» THE TASK
Give back exactly the lines from the one holding "Filipa Embellished Ankle" to the bottom of the material, both included, and nothing more. No pictures.

» SUPPLIED INFORMATION
┄┄┄┄┄┄┄┄┄┄
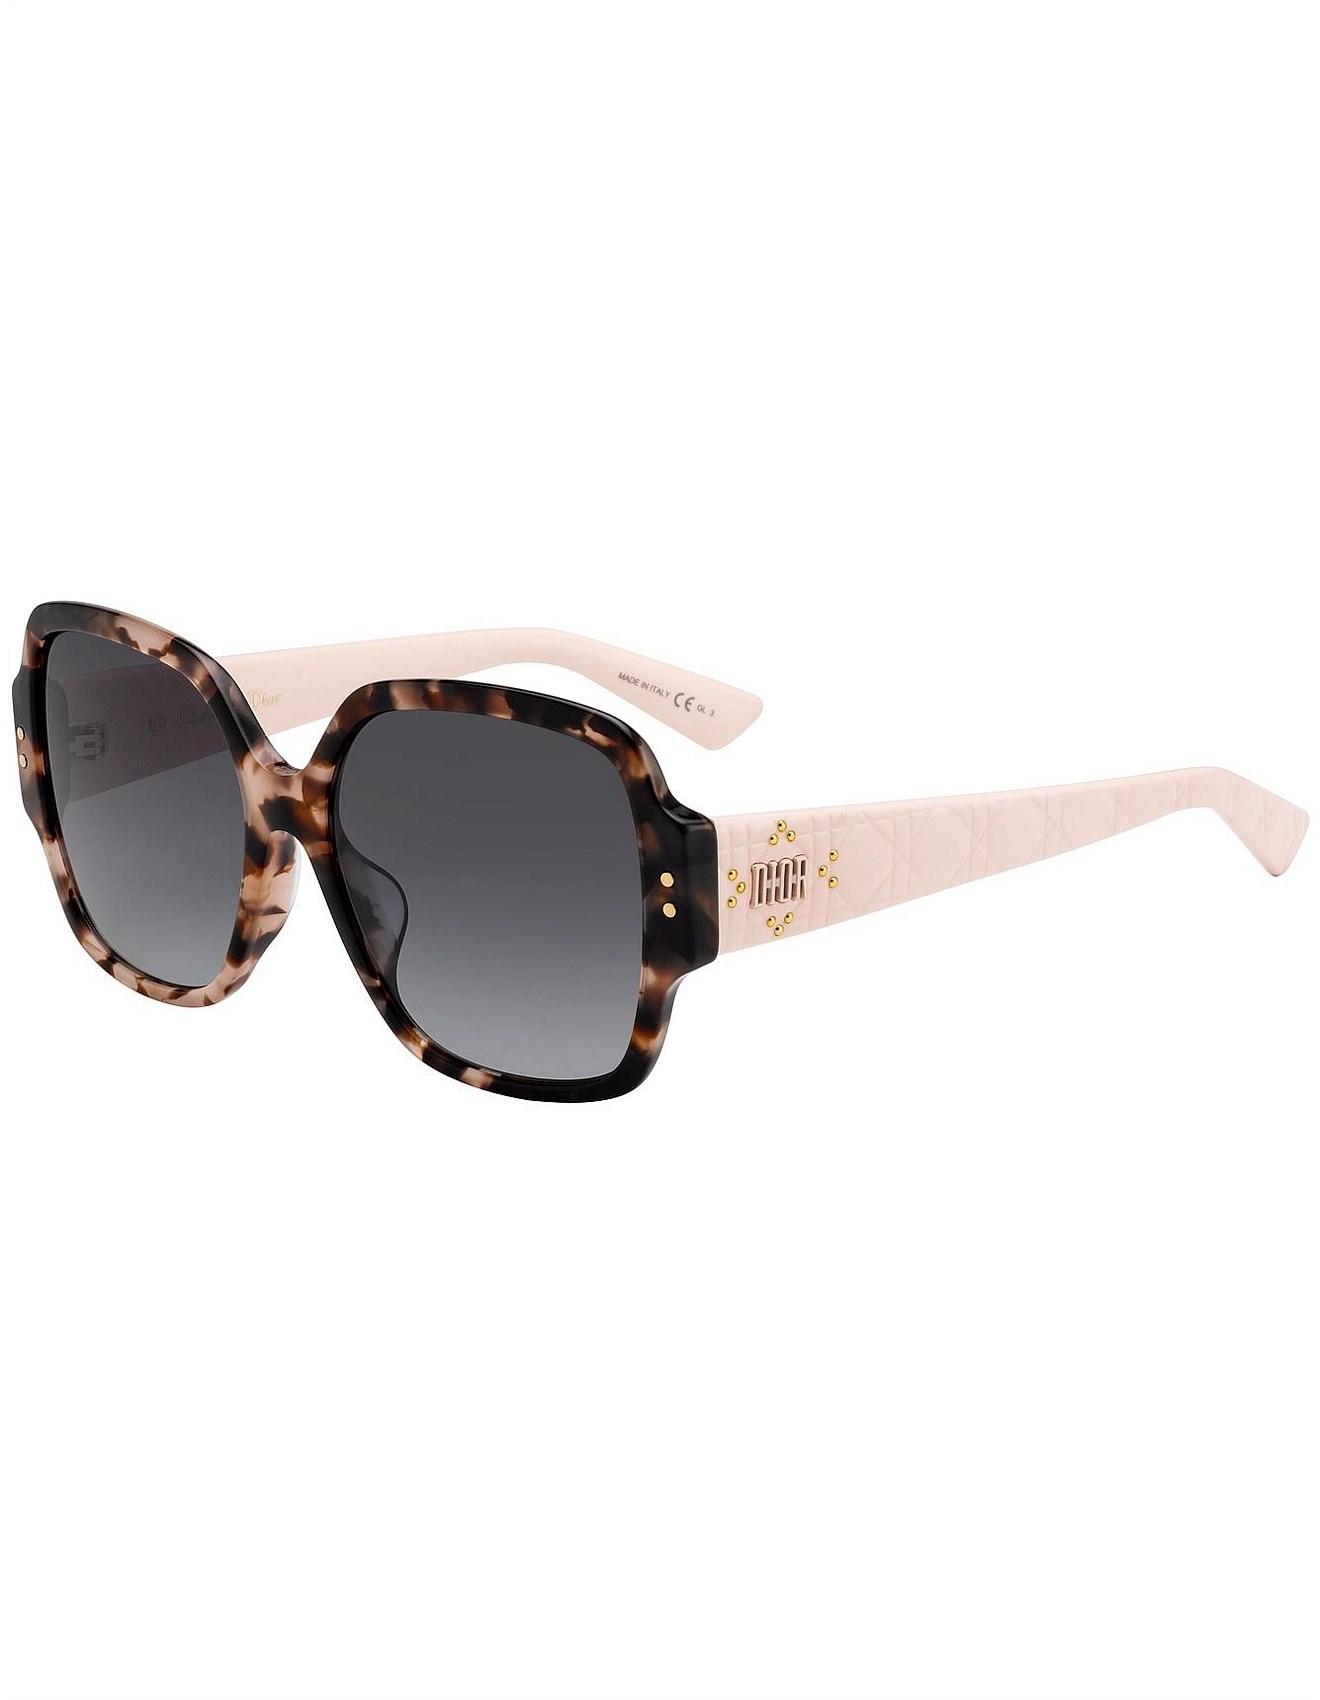 be8b51ab183f Women s Square Sunglasses
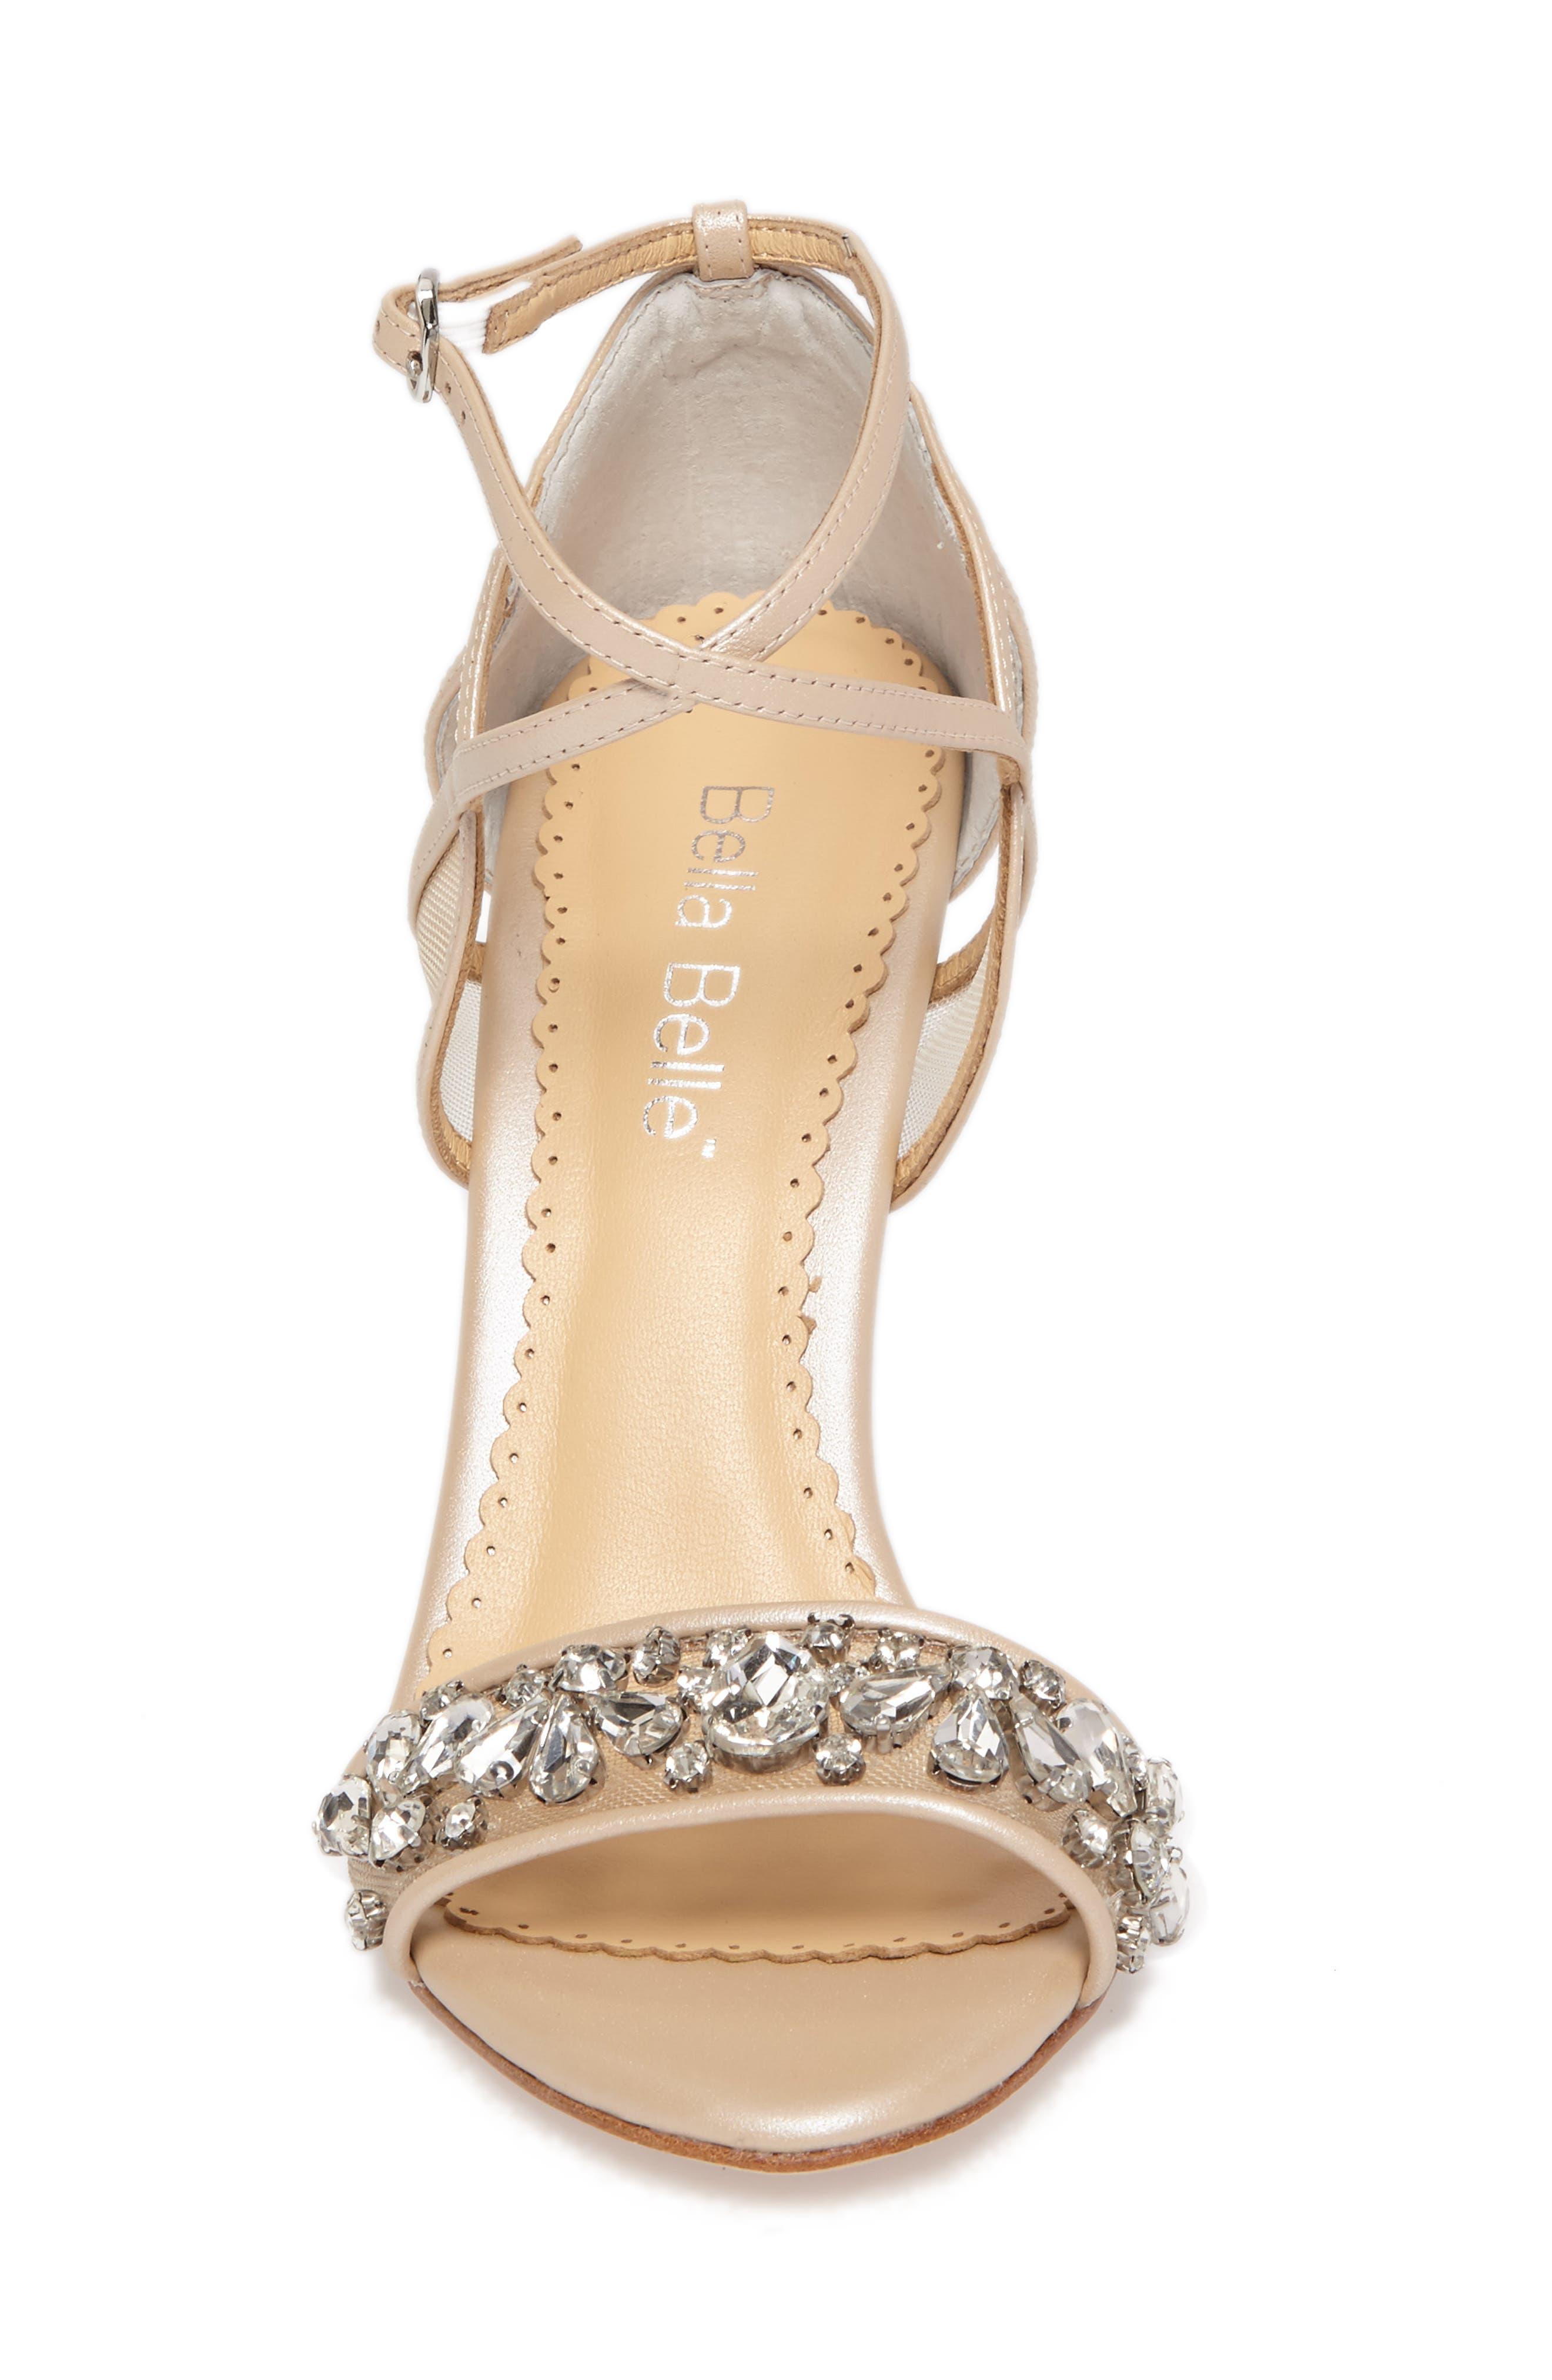 Filipa Embellished Ankle Strap Sandal,                             Alternate thumbnail 4, color,                             Nude Leather
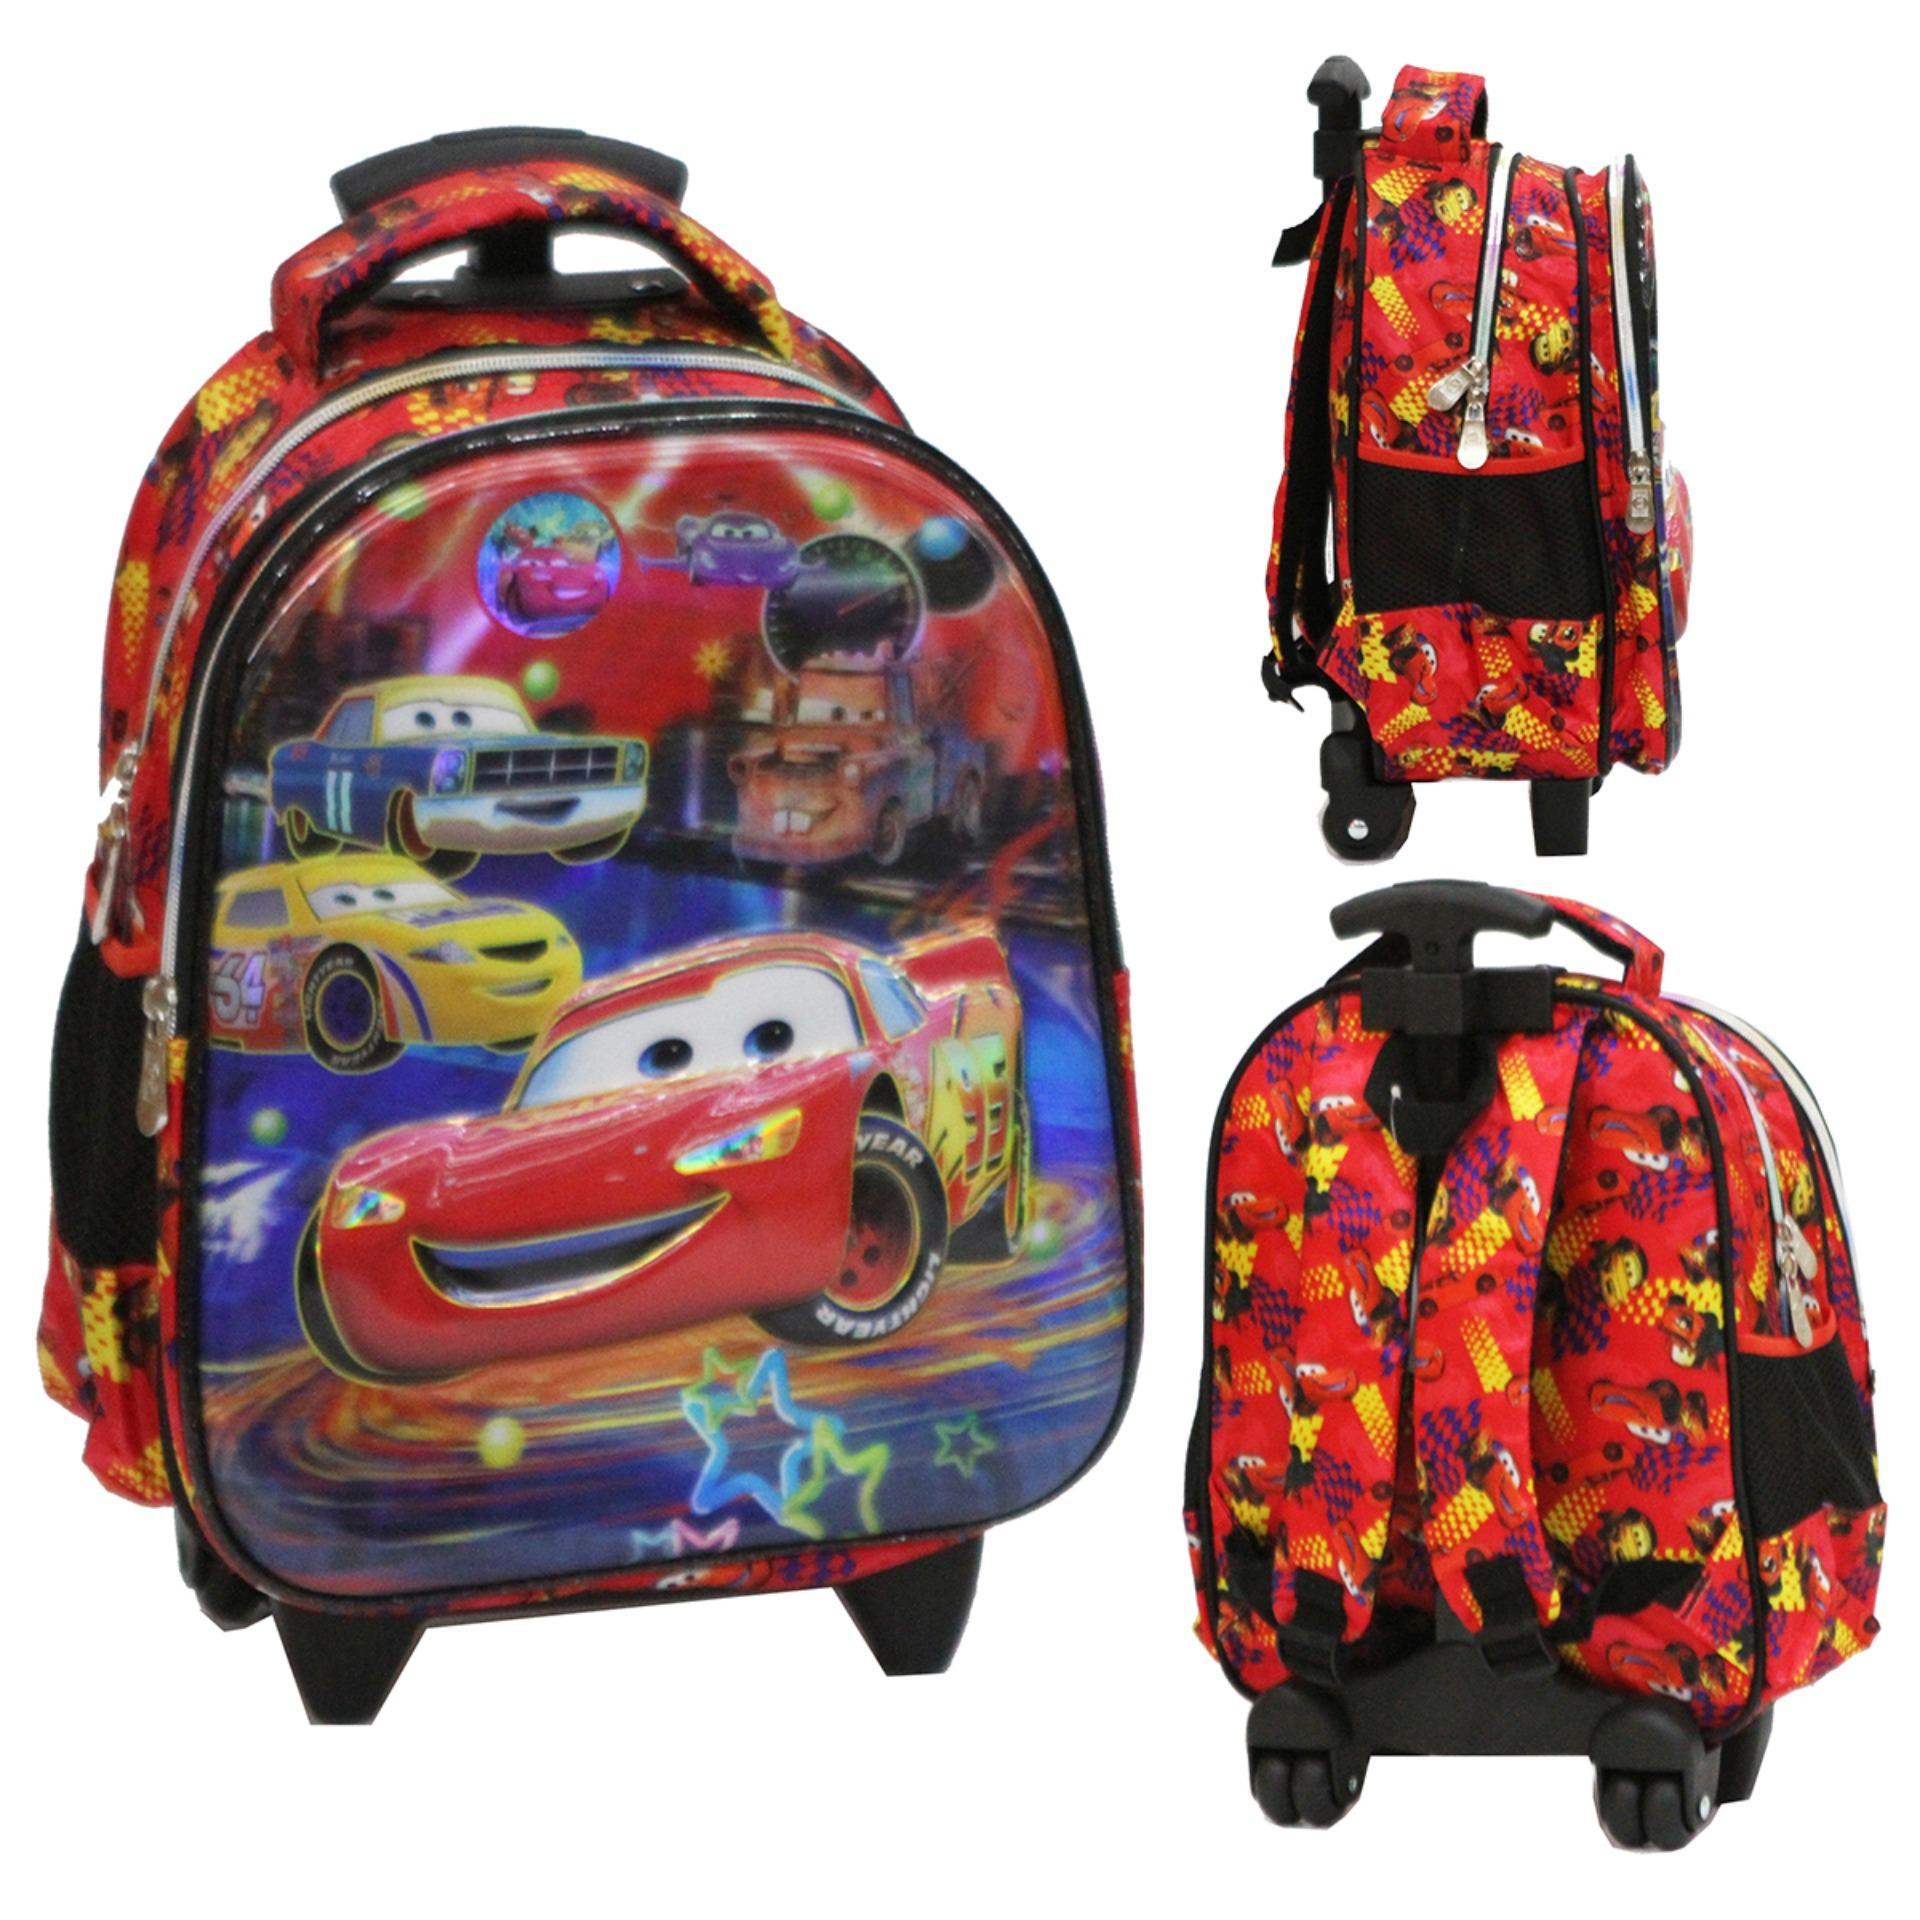 Diskon Onlan Tas Trolley Anak Sekolah Tk Pg Import Karakter Anak Laki Laki Akhir Tahun
┄┄┄┄┄┄┄┄┄┄
» EXPECTED ANSWER
 Filipa Embellished Ankle Strap Sandal,                             Alternate thumbnail 4, color,                             Nude Leather
 Diskon Onlan Tas Trolley Anak Sekolah Tk Pg Import Karakter Anak Laki Laki Akhir Tahun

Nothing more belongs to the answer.